To develop positions on the issues, we headed out into America. We traveled more than 20 years, on and off, researching.
We talked to experts. We talked to average Joe citizens. We talked to a lot of people. And I’m a former small town journalist. So I took a lot of notes.
I crafted these position papers from these notes. They are not only chock full of good ideas, they read like an extensive travelogue with each, or every other, paragraph shifting to another part of the country for yet another interview on the topic.
For instance, some of the interviews for the position papers on crime took me to: Pikeville College in Kentucky to interview a renowned, or at least sort of renowned, criminal justice professor; to Needles, California to interview the director of a relatively new “Drug Court Project,” a diversion program for first time non-violent offenders; in Savannah, Tennessee, I interviewed a prison guard with an excellent take on the systemic reasons people land in prison over and over again (and how to stop the cycle); in Newport, Rhode Island, I interviewed a police officer involved with “old school” Community Oriented Policing (COP), which is making a big comeback in America – and with good reason.
And these were just a few interviews for a rather extensive, and multi-dimensional paper. A paper with ideas and model programs that, if plugged into every town, would curb crime in America by 70%, or more – seriously.
And the quality of life in America would be enhanced exponentially across the board if what we came across in regard to the environment, the economy, the family, the military, life issues, immigration, education, energy, transportation, etc., were plugged into every town or county.
In fact, the metaphor I use is that each piece of information in these papers is like a puzzle piece. And if the puzzle was assembled from town to town, with various local adaptations of course, it would dramatically shift the country – for the good. The common good.
Yet at this point, our country is like the Titanic – with an exponent!

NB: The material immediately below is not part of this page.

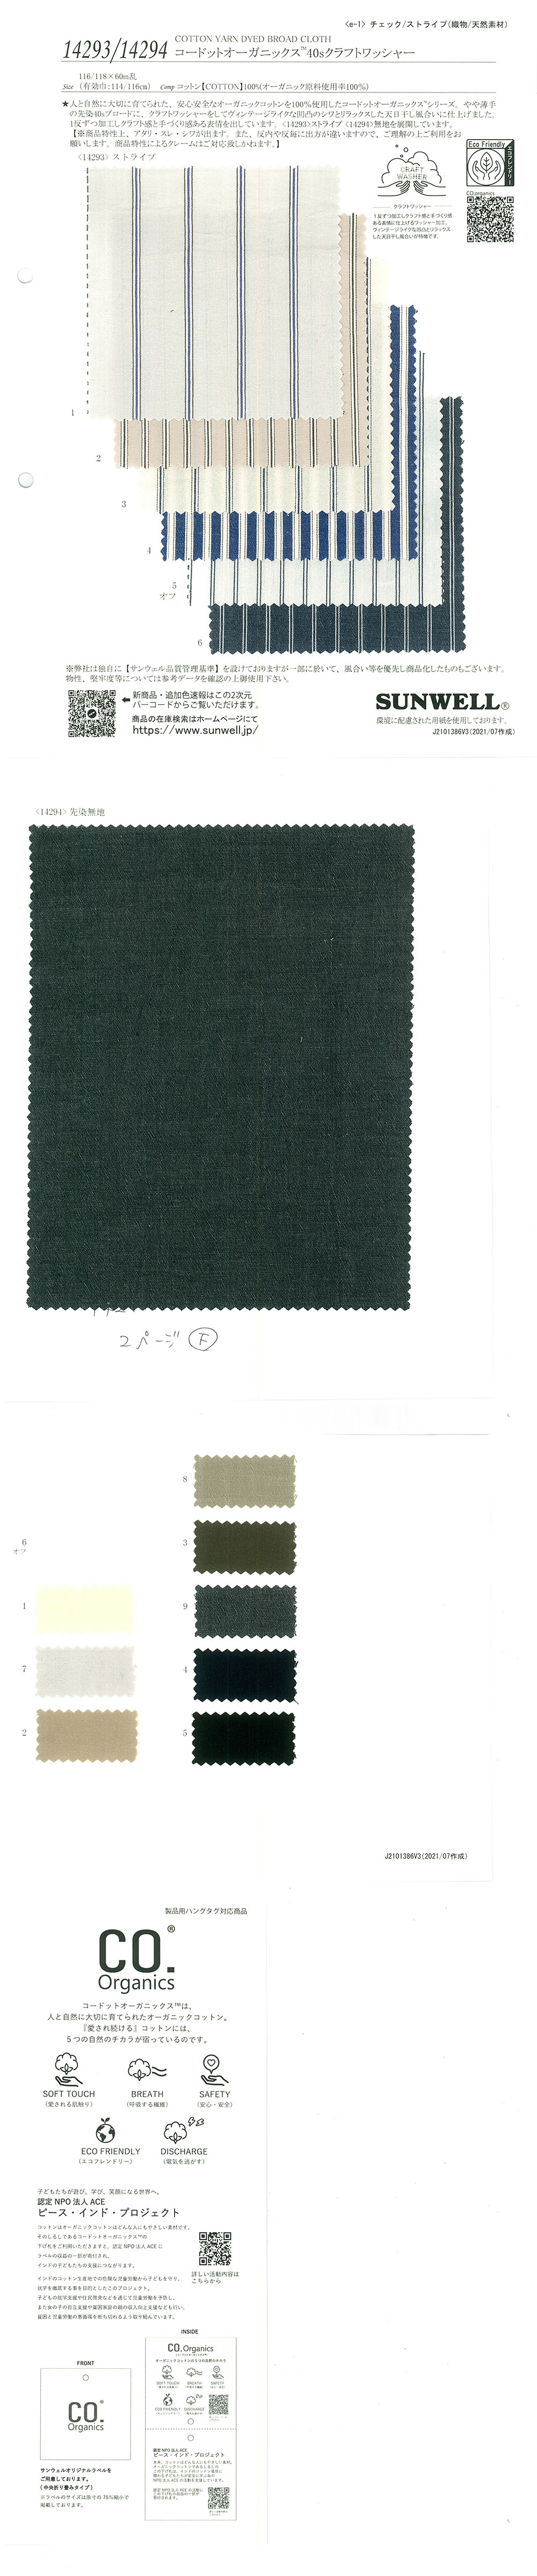 14293 Cordot Organics (R) 40 Single Thread Craft Stripe[Fabrication De Textile] SUNWELL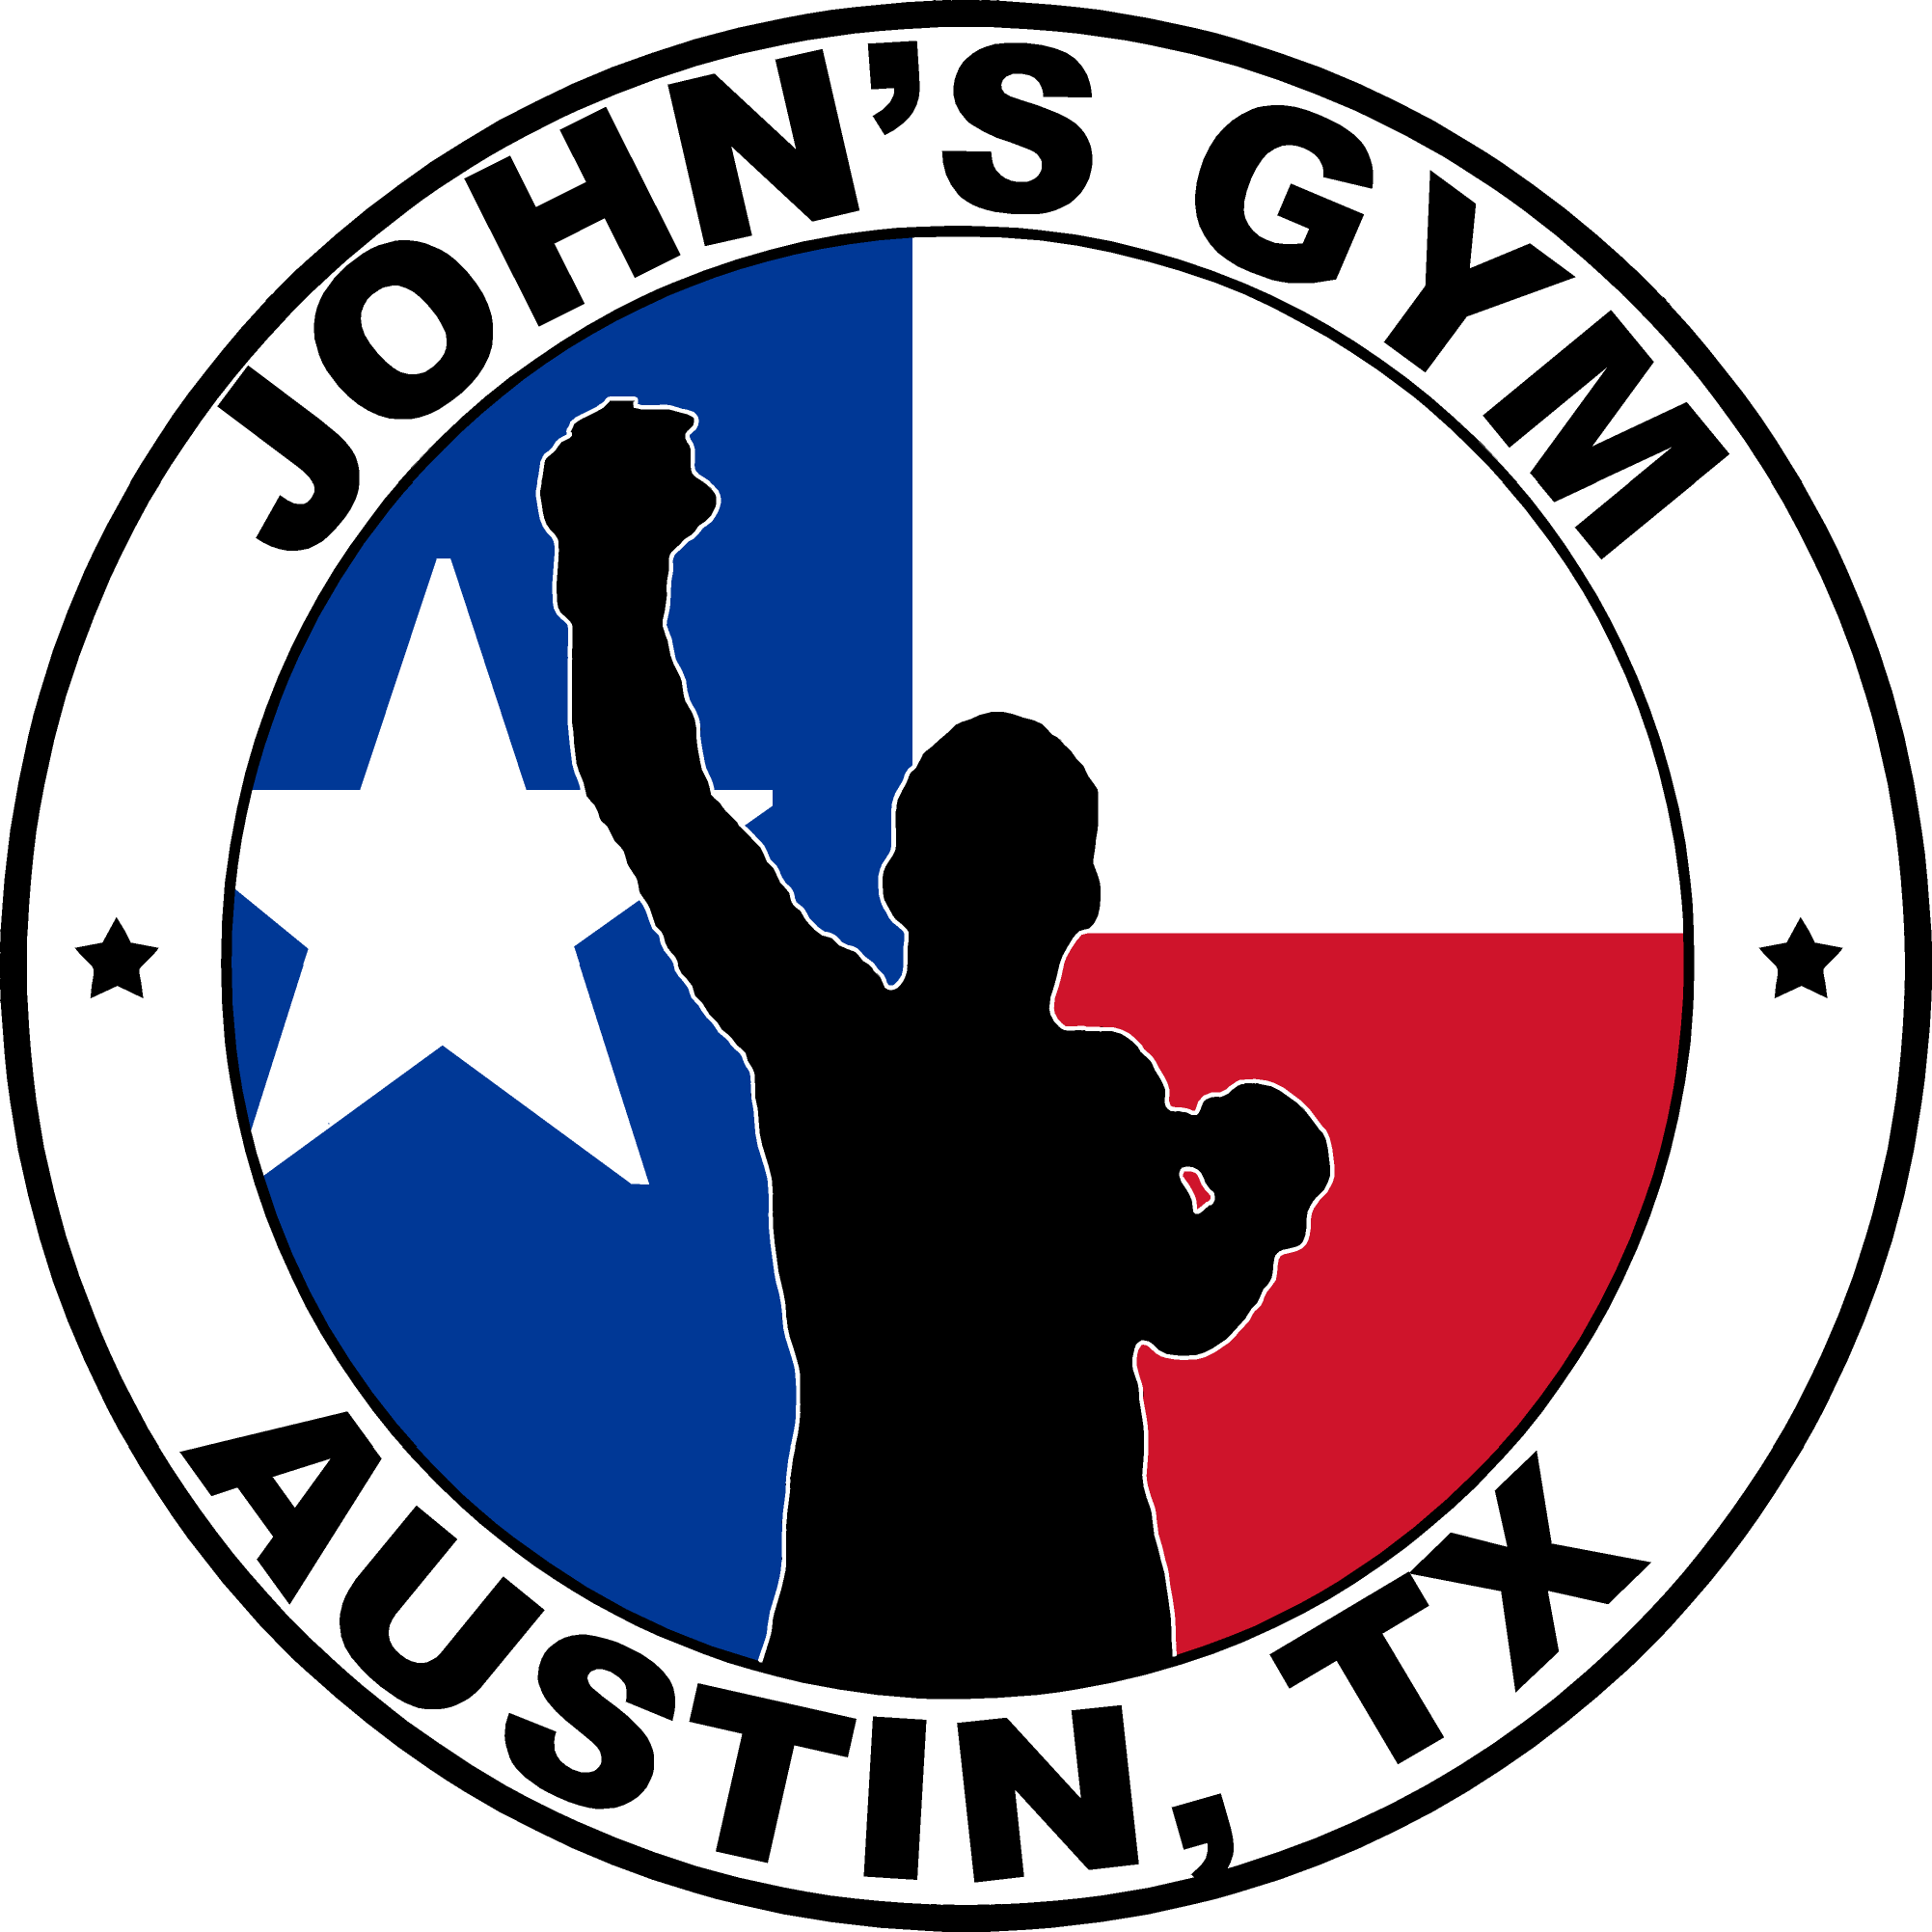 John's Gym - Johns Gym (2003x2003)

We’ve killed 55 million babies in their mothers’ wombs. We average 11,000 shooting deaths a year now, including little Sandy Hook Elementary School first graders in Connecticut and little Amish girls in Nickels Mines, Pennsylvania. We stand at the brink of catastrophic climate change disaster here in the near future, while there is rapidly increasing drought and famine in more arid countries in the Third World now. Nuclear proliferation is off the charts and we are one push of a button away from worldwide nuclear annihilation. Our roads are war zones with 33,000 deaths a year and hundreds of thousands of maiming’s. Far exceeding the number of dead and wounded in Afghanistan and Iraq combined – by a factor of at least 20.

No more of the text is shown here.